Training-Free Controllable Inpainting Network

Updated 17 November 2025

The paper demonstrates a training-free framework that leverages pre-trained diffusion and autoregressive models to achieve precise spatial, semantic, and style inpainting.
It employs tailored attention mechanisms, mask-driven spatial guidance, and latent optimization to facilitate multi-region editing without additional fine-tuning.
Quantitative results indicate improved LPIPS, FID, and SSIM metrics across image, video, and 3D tasks, underscoring its practical deployment and efficiency.

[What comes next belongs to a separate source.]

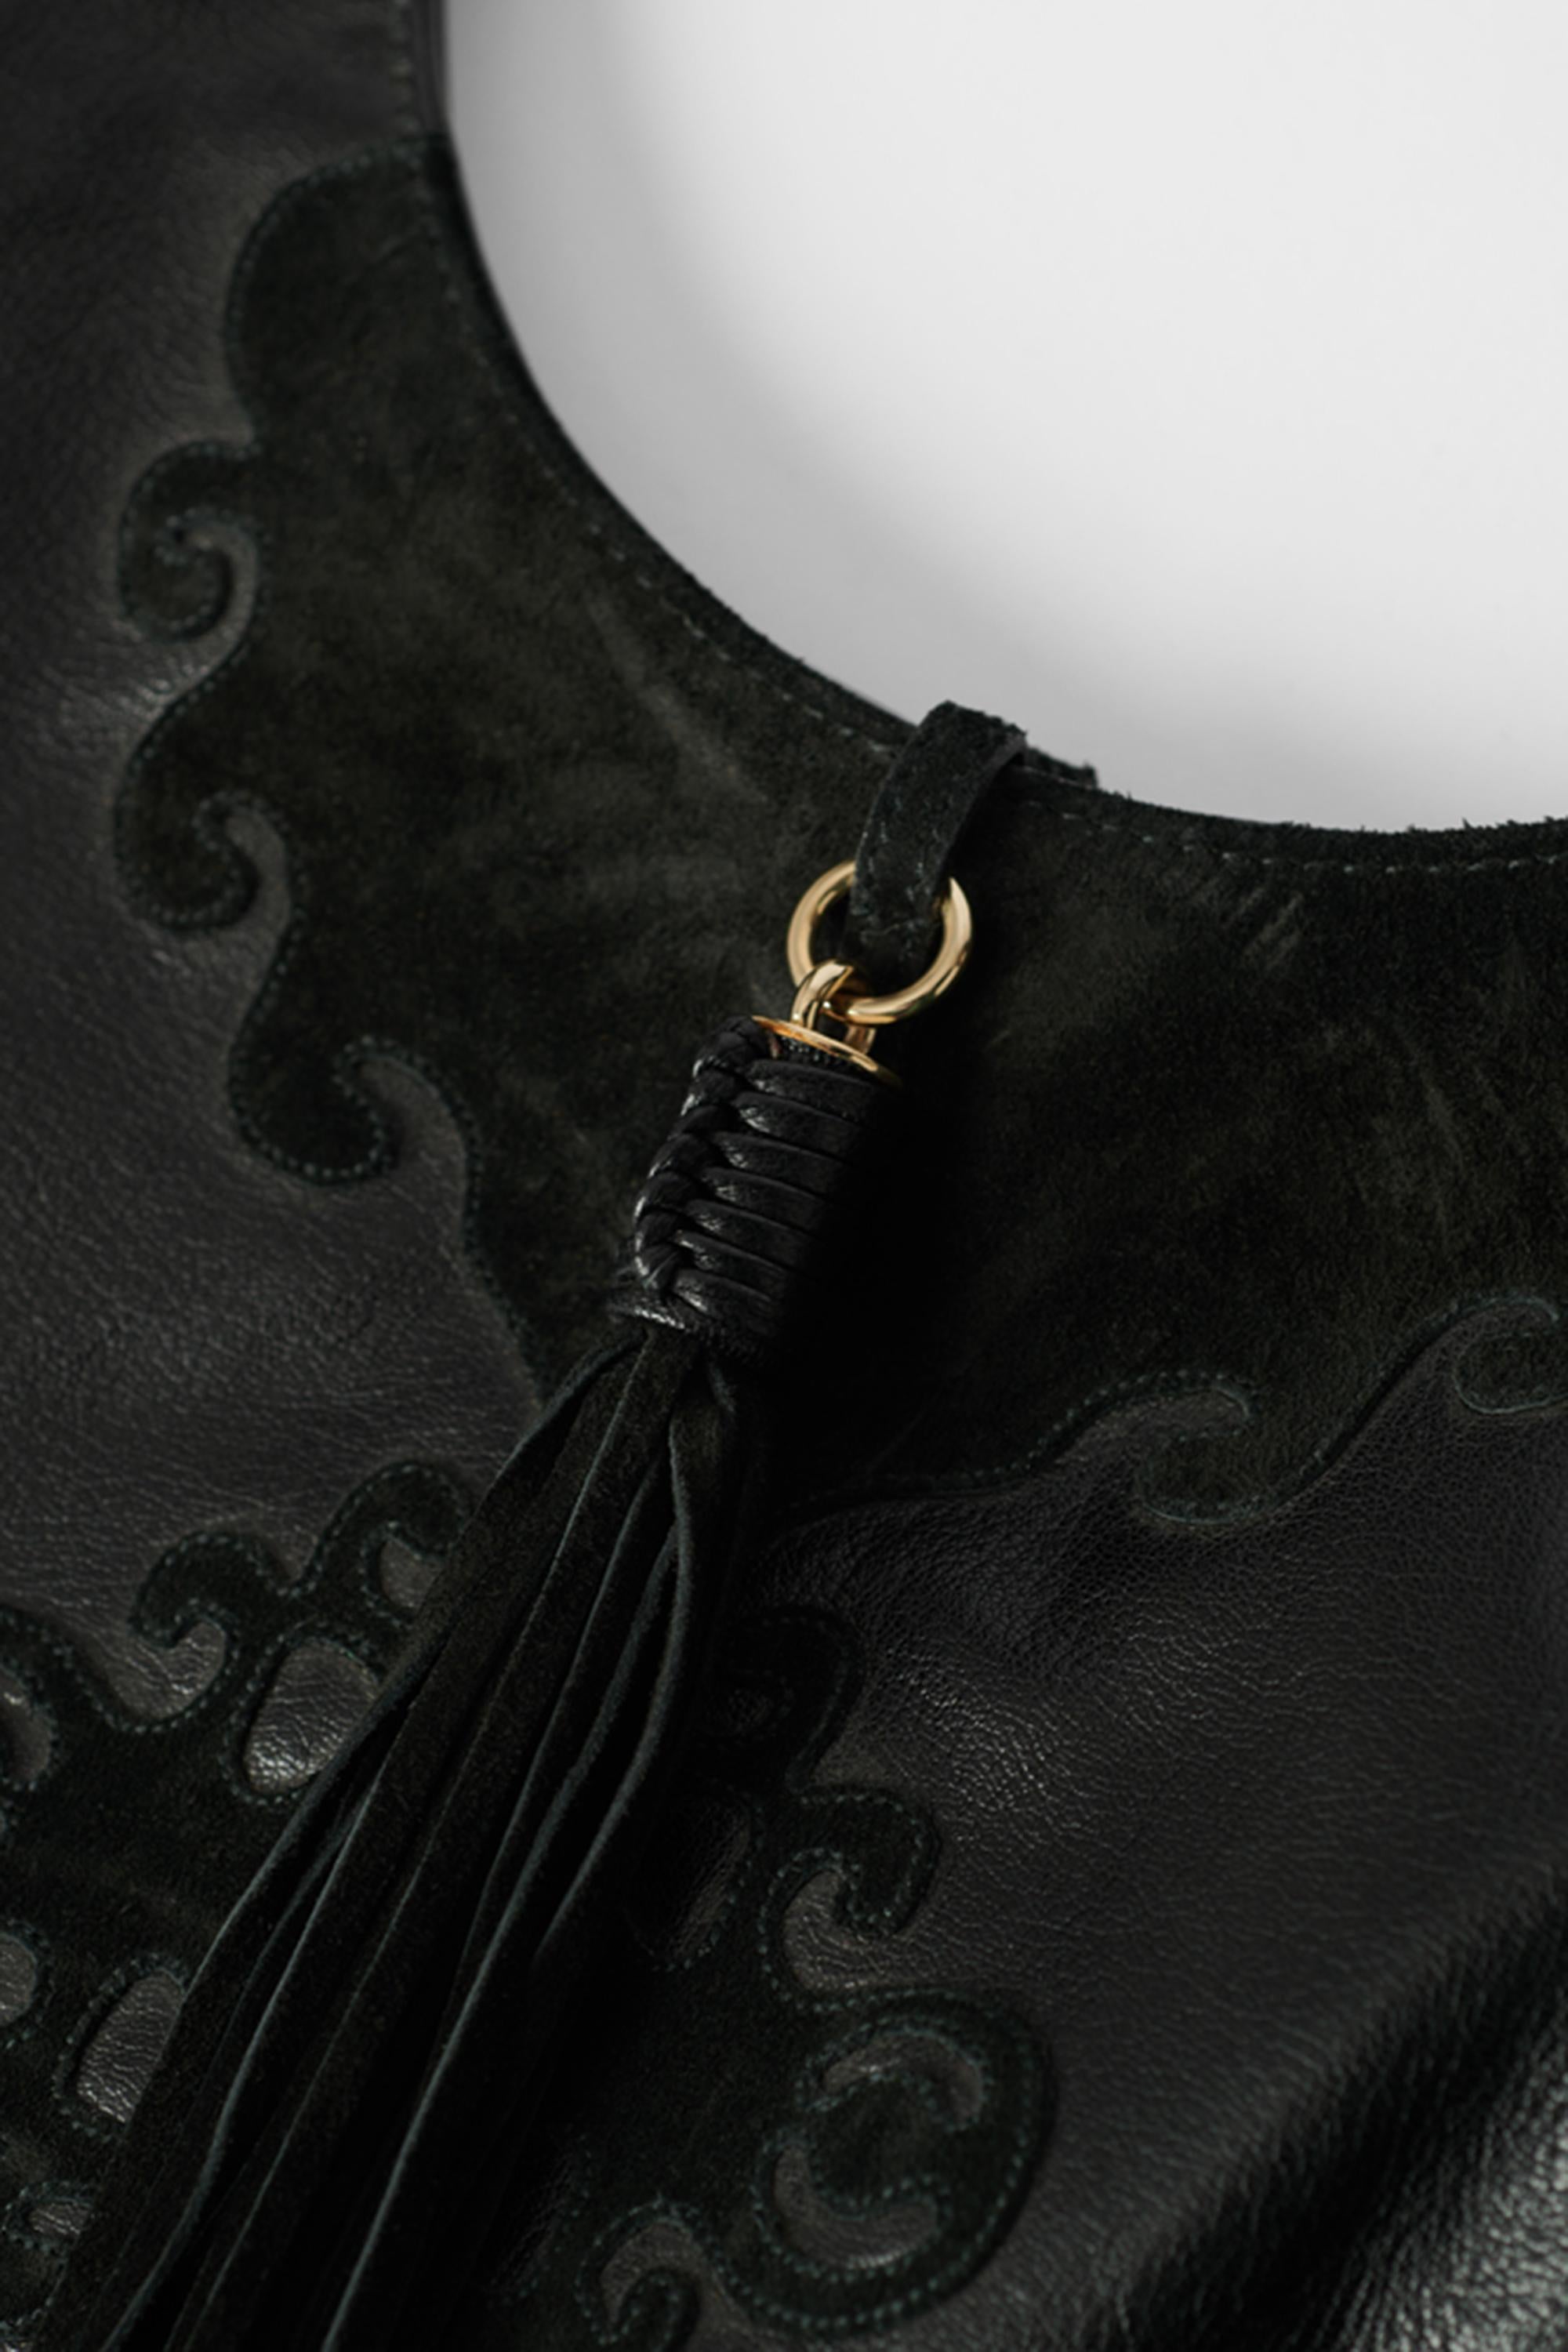 Women's Yves Saint Laurent  Black Leather Hobo Bag with Tassel

Training-free controllable inpainting networks encompass a family of methods that enable precise spatial and semantic control over image, video, and 3D inpainting without any task-specific fine-tuning or additional training. These frameworks leverage the architecture and generative priors of pre-trained models—primarily diffusion or autoregressive backbones—supplemented with tailored attention manipulations, prompt-guidance strategies, or optimization objectives. The motivation is to achieve high-fidelity content manipulation, object removal, content creation, text editing, and style harmonization in a purely inference-time regime. This paradigm circumvents the need for extensive retraining while offering granular user control, multi-region editing, and, in select methods, per-pixel spatial guidance or diverse sample generation.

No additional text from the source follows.